Option glossary (what to pick & typical ICIQ examples)

  • Survey data – Questionnaires, forms, Likert scales; CSV/TSV with respondent rows.
  • Census/enumeration data – Population/registry counts, complete listings.
  • Aggregate data – Summaries/means/totals (e.g., averaged catalytic rates by condition).
  • Clinical data – Patient/clinical measurements (ensure compliance & de-identification).
  • Event/transaction data – Time-stamped logs of actions/events (e.g., instrument events).
  • Program source code – Scripts, packages, notebooks (e.g., Python, R, MATLAB, bash).
  • Machine-readable text – Structured textual formats for automated parsing (e.g., JSON, XML).
  • Administrative records data – Institutional records (grants, inventory, instrument usage).
  • Experimental data – Raw/processed lab outputs: NMR/IR/UV-Vis/MS, XRD, electrochemistry, kinetics, HPLC/GC, etc.
  • Psychological test – Psychometrics/test batteries (rare for chemistry).
  • Textual data – Human-readable text corpora, README-heavy datasets, protocols in DOC/PDF/TXT.
  • Coded textual – Text annotated with codes/tags/categories (e.g., labeled literature corpora).
  • Coded documents – Documents with structured coding schemes or markup beyond plain text.
  • Time budget diaries – Time-use logs by participants.
  • Observation data/ratings – Human ratings/annotations of observations (e.g., microscopy scoring).
  • Process-produced – Data generated automatically by processes/systems (e.g., ELN exports, LIMS dumps).
  • Other – Use only if none of the above fits (describe in Notes).
  • Compiled data – Data collected from multiple external sources into one dataset.
  • Encoded data – Data transformed/encoded for analysis (e.g., one-hot, fingerprints).
  • Genomic data – Sequencing/omics matrices, FASTQ/FASTA, VCF, etc.
  • Geospatial data – Coordinates, shapefiles, rasters, trajectories with lat/long.
  • Laboratory notebook – ELN/PDF scans, exported notebook entries.
  • Measurement and test data – Calibration runs, instrument qualification, standard tests.
  • Recorded data – Audio/video recordings, sensor streams not otherwise classified.
  • Simulation data – Outputs from simulations (e.g., MD trajectories, DFT scans, COMSOL).
  • Images – Non-medical images: microscopy (SEM/TEM/AFM), plots (PNG/SVG), gel images.
  • Medical images – DICOM/clinical imaging (MRI/CT/etc.).
  • Video – MP4/MOV instrument captures, reaction videos, microscopy time-lapse.
  • Sound – Audio files (WAV/MP3), sonification outputs.
  • Musical composition – Scores/MIDI, not typical for science.

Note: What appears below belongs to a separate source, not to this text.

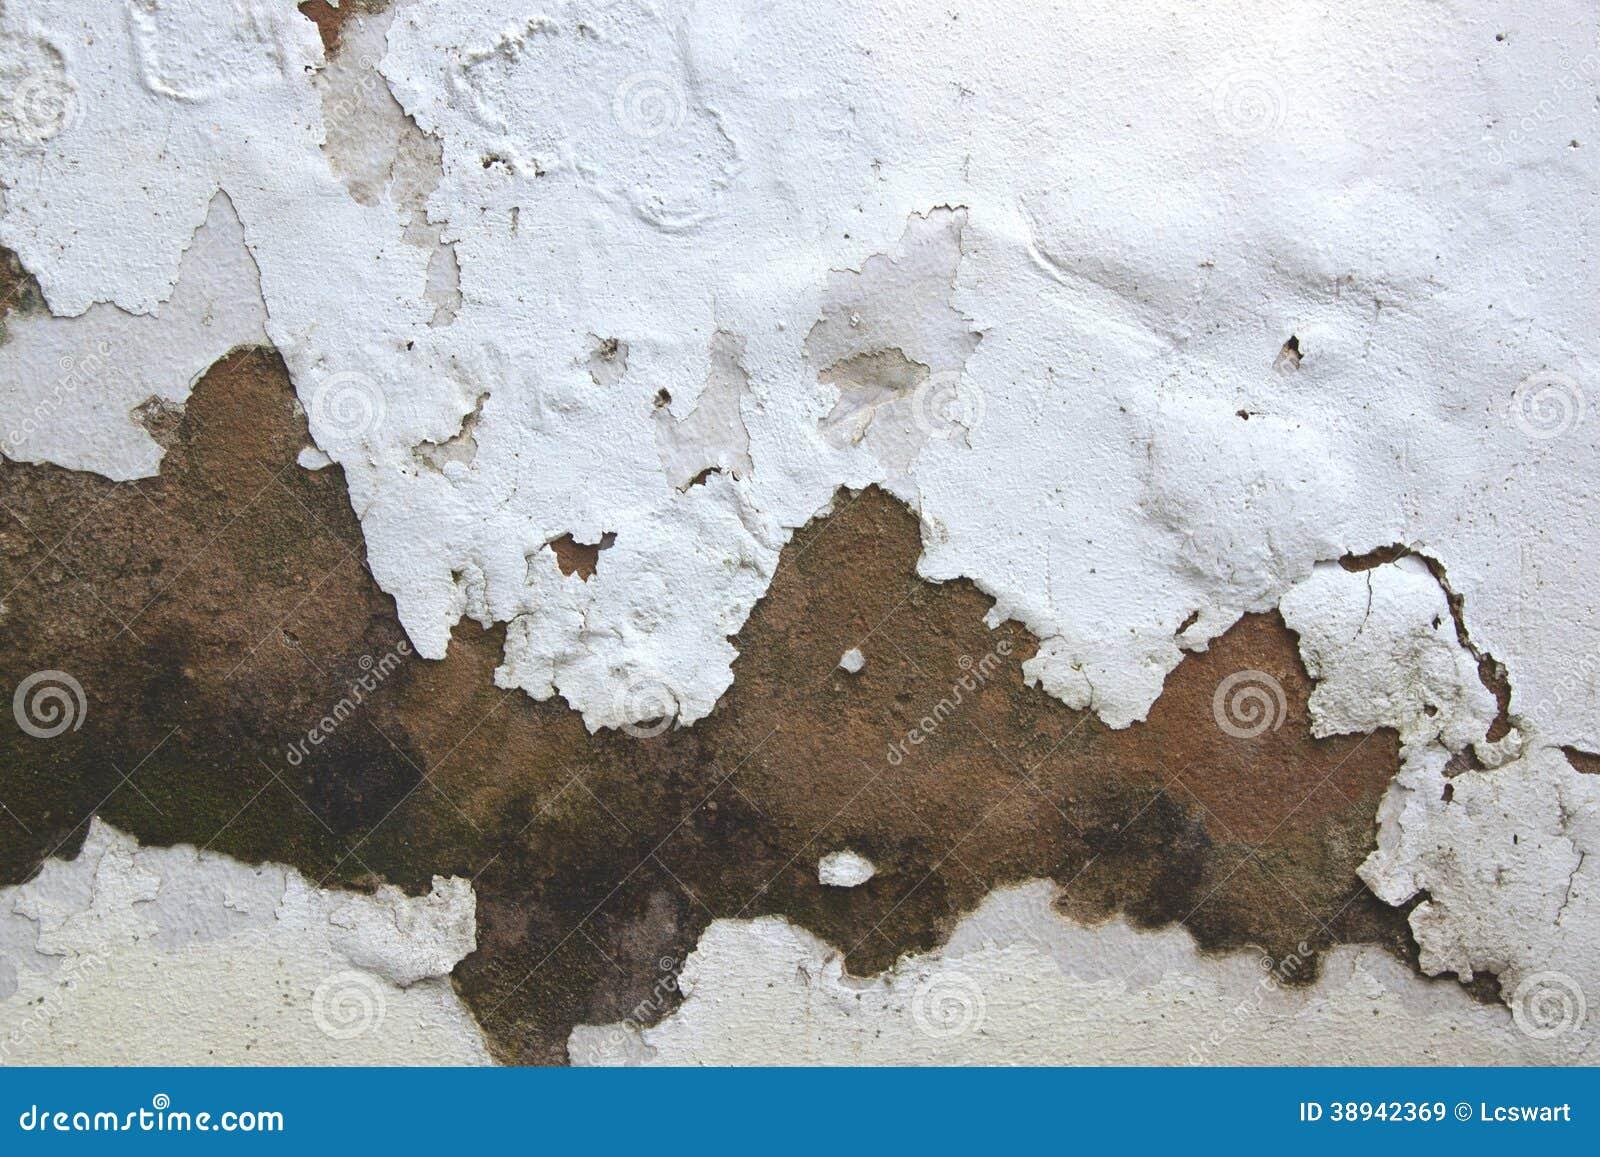 Humidit en hausse et pluchage de la peinture sur le mur - Peinture design sur mur ...

Quick mapping for common CORA.RDR chemistry datasets

  • Spectroscopy/Chromatography: Experimental data, Measurement and test data, (Images) for exported plots.
  • Crystallography (CIF + refinements): Experimental data, Images (diffraction/figures).
  • Electrochemistry/Kinetics: Experimental data, Measurement and test data, Aggregate data (summary tables).
  • Computational (DFT/MD): Simulation data, Program source code (scripts), Machine-readable text (JSON/XML), possibly Images (figures).
  • ELN exports: Laboratory notebook, Process-produced, Textual data.
  • Jupyter/analysis repo: Program source code, Machine-readable text, Compiled data (if multiple sources merged).

Examples (compact)

  • NMR (FIDs + processed) + GC–MS + CSV summaries: Experimental data; Measurement and test data; Images
  • DFT outputs (ORCA) + XYZ + notebooks: Simulation data; Program source code; Machine-readable text; Images
  • ELN PDF + raw instrument logs: Laboratory notebook; Process-produced; Recorded data

Common pitfalls

  • Selecting only Experimental data but forgetting Measurement and test data for calibrations/QA runs.
  • Marking Images but not Experimental data when images are derived from experiments.
  • Using Other when a suitable specific category exists—prefer the closest match and explain details in Description/Notes.